2.2 Data Storage Sizes

The x86-64 architecture supports a specific set of data storage size elements. The storage size are a direct correlation to variable declarations in high-level language (C, C++, Rust)

2.3 CPU Registers

A CPU Registers or just register, is a temporary storage or working location built into the CPU itself (separate) A 64-bit General Purpose Registers (GPRs) are in number of 60, they can be used by all 64-bits or some portion or subset accessed.

When a data want to used a element with sizes less than 64-bits (32-bit, 16-bit, or 8-bit) a specific part of this less sized register can be accessed by using a different register name like described here :

As show in the excalidrw diagram, the first 4 registers, rax, rbx, rcx, rdx allow to accessed to 8-15 bits with the ah, bh, ch, and dh register names. But ah is provided for legacy support.

A register save value the used to affected to them in hex base.
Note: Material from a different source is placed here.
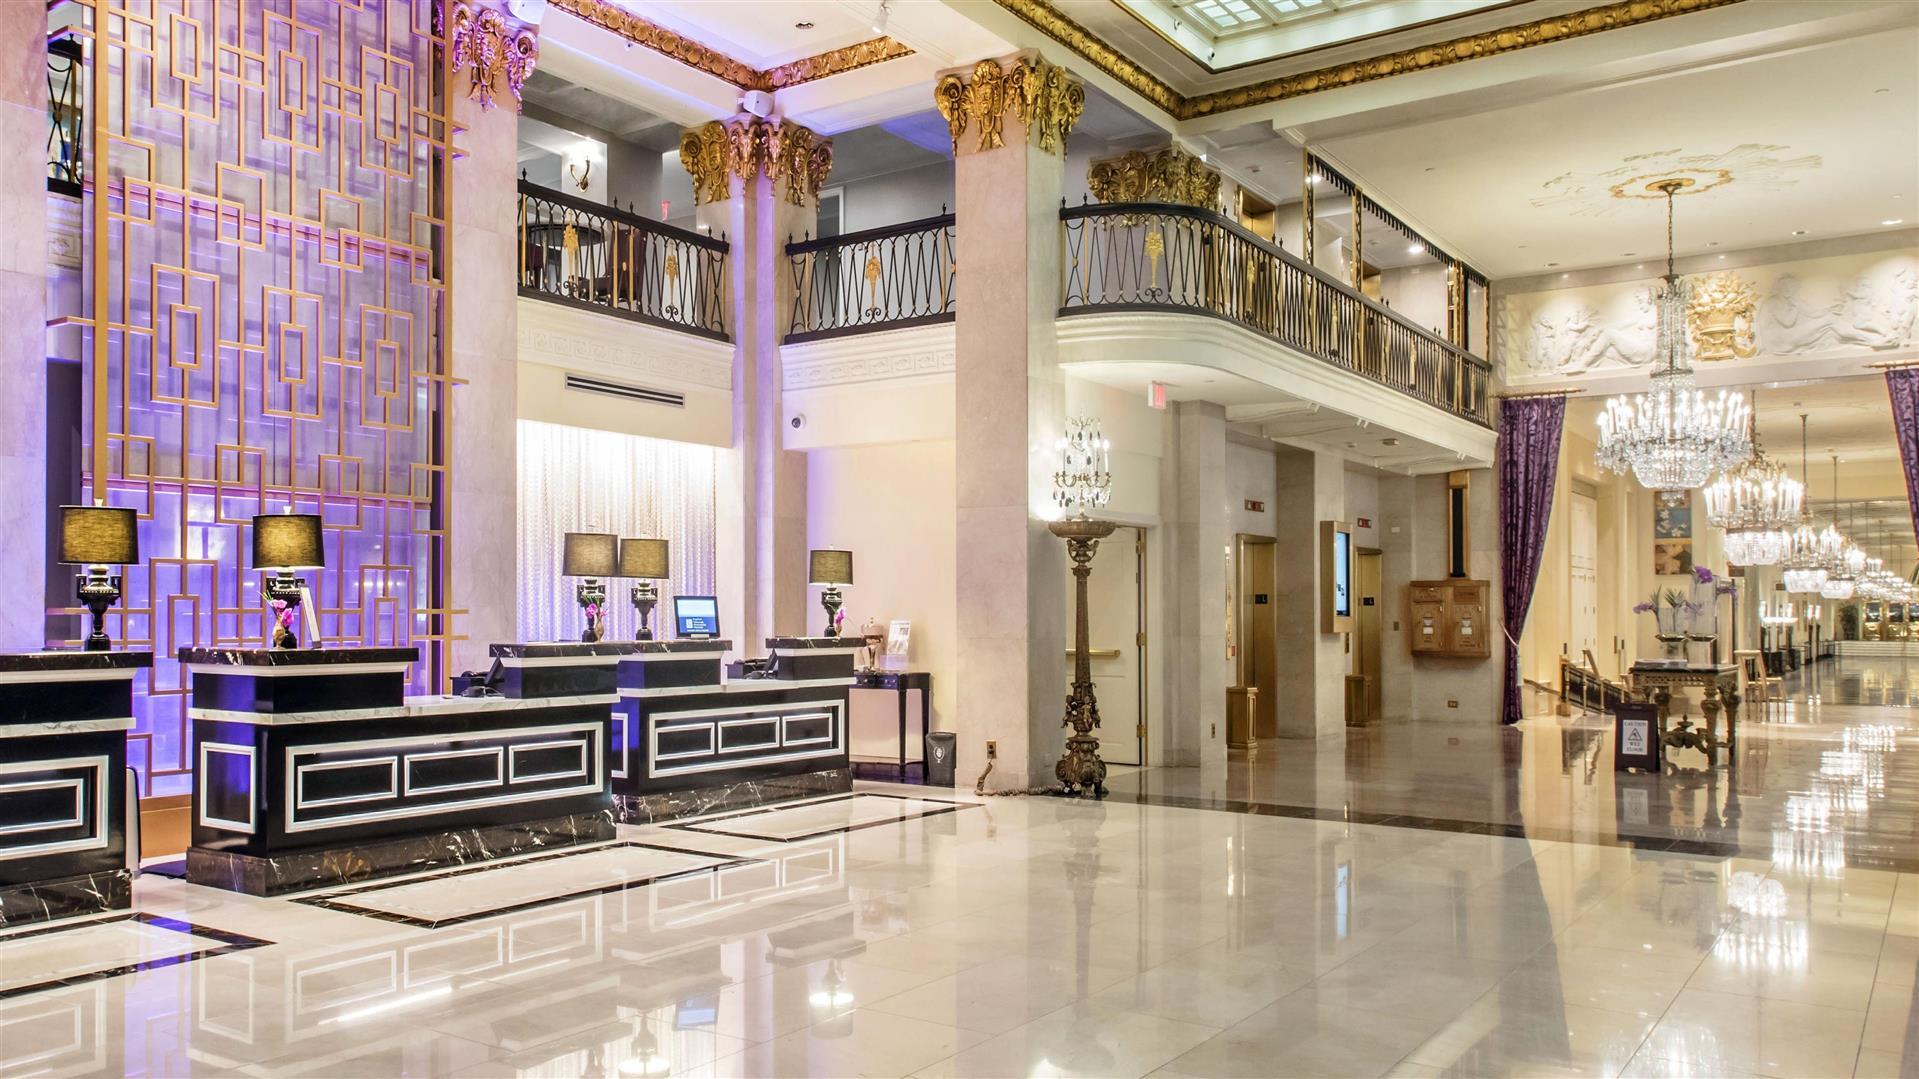 Mayflower Hotel lobby

By exemple if:

rax = 50.000.000.000 	  # value set to rax in decimal base (10)
rax = 0000 000B A43B 7400 # the eax value is saved in hex base (16)

ax = 50.000 			  # if ax is set to 50.000 in base decimal (10)
ax = C350 				  # the ax calue is save in hex base 	(16)

rax = 0000 000B A43B C350 # each value is 1byte, the total do 16 byte, and each section separate by space do 16-bit
  # the total do 64-bit,  here the lower 16-bit ax of rax is set the upper 48-bits are unaffected
  # Note the change of ax to 7400 (16) to C350 (16)

al = 50					  # al register is set to 50 (10), who is 32 (16) in hex
rax = 0000 000B A43B C332 # when the lower 8-bit al portion of the 64-bit is set the 56-bits are unaffected

For 32-bit register operations, the upper 32-bit (first 32-bit from left to right) is set cleared (set to 0)

RSP (Register Stack Pointer)

A rsp is a register who is not used for data or other uses but it used to point to the top of the stack.

RBP (Register Base Pointer)

A rbp is used as a base pointer during functions calls, it her only functions.

RIP (Register Instruction Pointer)

A rip is a special register used by CPU ro point to the next instruction to be executed. So if rip points to the next instruction means that in debugger the rip point to a instruction who is not already executed.

Flag Register (rFlags)

A flag register, rFlags is used for store status and CPU control information about the instruction that was just executed. The rFlag is directly updated (Status) by processor and not accessible by program,

XMM registers

The XMM are set of dedicated registers used to support 32-bit and 64-bit floating point operations and Single Instruction Multiple Data (SIMD) instructions. SIMD allow a single instructions allow a single instruction to be applied simultaneaously to to multiple data items, it help to increase a performance.

Cache Memory

Cache memory is a small subset of the primary storage or RAM located in the CPU chip. If a memory location is accessed, a copy of the value is placed in the cache*. A memory read involves sending the address via the bus to the memory controller, which will obtain the value at the requested memory location, and send it back through the bus. Comparatively, if a value is in cache, it would be much faster to access that value. A cache hit occurs when the requested data can be found in a cache, while a cache miss occurs when it cannot. Cache hits are served by reading data from the cache, which is faster than reading from main memory. The more requests that can be served from cache, the faster the system will typically perform.

Main memory

Memory can be viewed as a series of bytes, one after another. That is, memory is byte addressable. This means each memory address holds one byte of information. To store a double-word, four bytes are required which use four memory addresses. Additionally, architecture is little-endian. This means that the Least Significant Byte (LSB) is stored in the lowest memory address. The Most Significant Byte (MSB) is stored in the highest memory location.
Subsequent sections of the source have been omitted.